The 15 Best Movies About Amour Fou
8. Thirst Street (2017)
During the film’s pre-title preface the viewer is deftly launched into what feels like a keyed up Sirkian melodrama –– imagine, if you will, that Douglas Sirk did some hardcore street drugs –– before nervously relaxing into an increasingly engaging, unhinging, multicolored psychodrama.
Lindsay Burdge is brilliant as Gina, an ill-fated American flight attendant in the throes of grief after having lost her love to suicide. Unable to cope and on the brink of emotional collapse, Gina finds herself with a night off in Paris where she meets the charming yet cheap gadfly, Jerome (Damien Bonnard). With a little booze and the bolstered confidence from a bribed fortune teller, Gina commits to an eager one-night stand, and here a new set of troubles are born.

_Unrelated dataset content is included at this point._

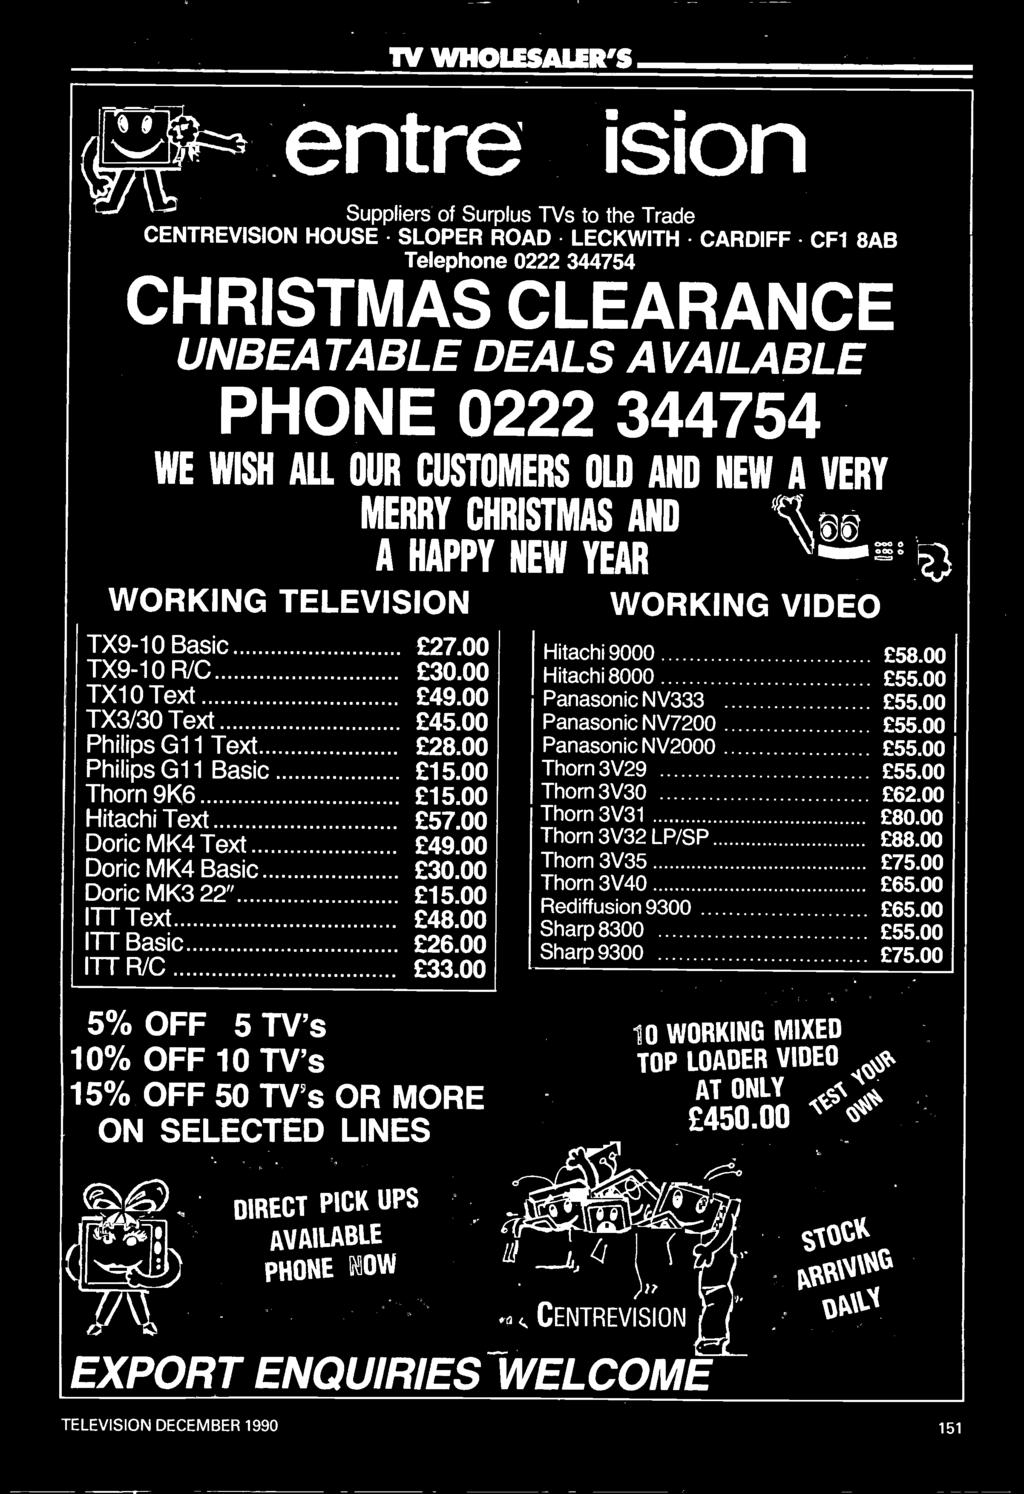 00 5% OFF 5 TV's 10% OFF 10 TV's 15% OFF 50 TV's OR MORE ON SELECTED LINES MERRY CHRISTMAS AND A HAPPY NEW YEAR WORKING VIDEO Hitachi 9000 58.00 Hitachi 8000 55.

Director Nathan Silver and his sterling cinematographer Sean Price Williams like to linger on Burdge, making much of Thirst Street unravel like a master class in cinematic portraiture, but that’s not all the maneuvers they’re interested in. Their visual roster details Burdge’s lopsided amour fou with a wealth of split-diopters, tiffany zooms, and surreal splashes of color.
As the imagery washes over the viewer they will find stirring moments of Jesús Franco-like softcore, Old Hollywood schmaltz in a William Seiter vein (“…like something out of an old musical,” the narrator suggests), and the go for baroque kaleidoscopic overkill of Dario Argento and Mario Bava. Is it too much? Maybe, but aren’t the throes of wildest passion too much? Is it wonderfully explicit and overly expressive? Yes, absolutely.
7. In the Realm of the Senses (1976)
Japanese director Nagisa Oshima became synonymous with notoriety with this incredibly controversial erotic thriller which features unsimulated sex between many cast members, pushing the boundaries of arthouse acceptability and prying at social mores in Japan, specifically at how eroticism was viewed in that country at that time.
Set in Tokyo in 1936, Sada Abe (Eiko Matsuda) is a former prostitute now working as a menial servant and about to begin a torrid affair with her employer Kichizō Ishida (Tatsuya Fuji), who’s married.
Sada and Ishida become particularly infatuated with erotic asphyxiation, the results of which are disastrous for them. Their unhealthy obsession culminates in an ending so upsetting and unforgettable that I won’t go into it here but I will say, for those who’ve never seen the film, that it’s quite shocking and once you’ve witnessed it, well, you can’t unsee it.
6. True Romance (1993)
In the early 90s American cinema was seemingly owned by Quentin Tarantino, and his darkly hilarious, savvy and sarcastic screenplay for Tony Scott is no exception.
Excessively violent and dreamily romantic, True Romance features a huge cast of players (including Patricia Arquette, James Gandolfini, Dennis Hopper, Val Kilmer, Gary Oldman, Brad Pitt, Christian Slater, and Christopher Walken), an endless stream of expletives, bullets, double crosses, pot smoke, comic books, kung fu, cocaine, and a kooky love story.
An Elvis-obsessed comic book collector named Clarence Worley (Slater) falls for callgirl Alabama Whitman (Arquette) and, intending to reason with her takes-no-shit pimp Drexl Spivey (Oldman), ends up killing the guy and taking a suitcase full of cocaine from him while he’s at it.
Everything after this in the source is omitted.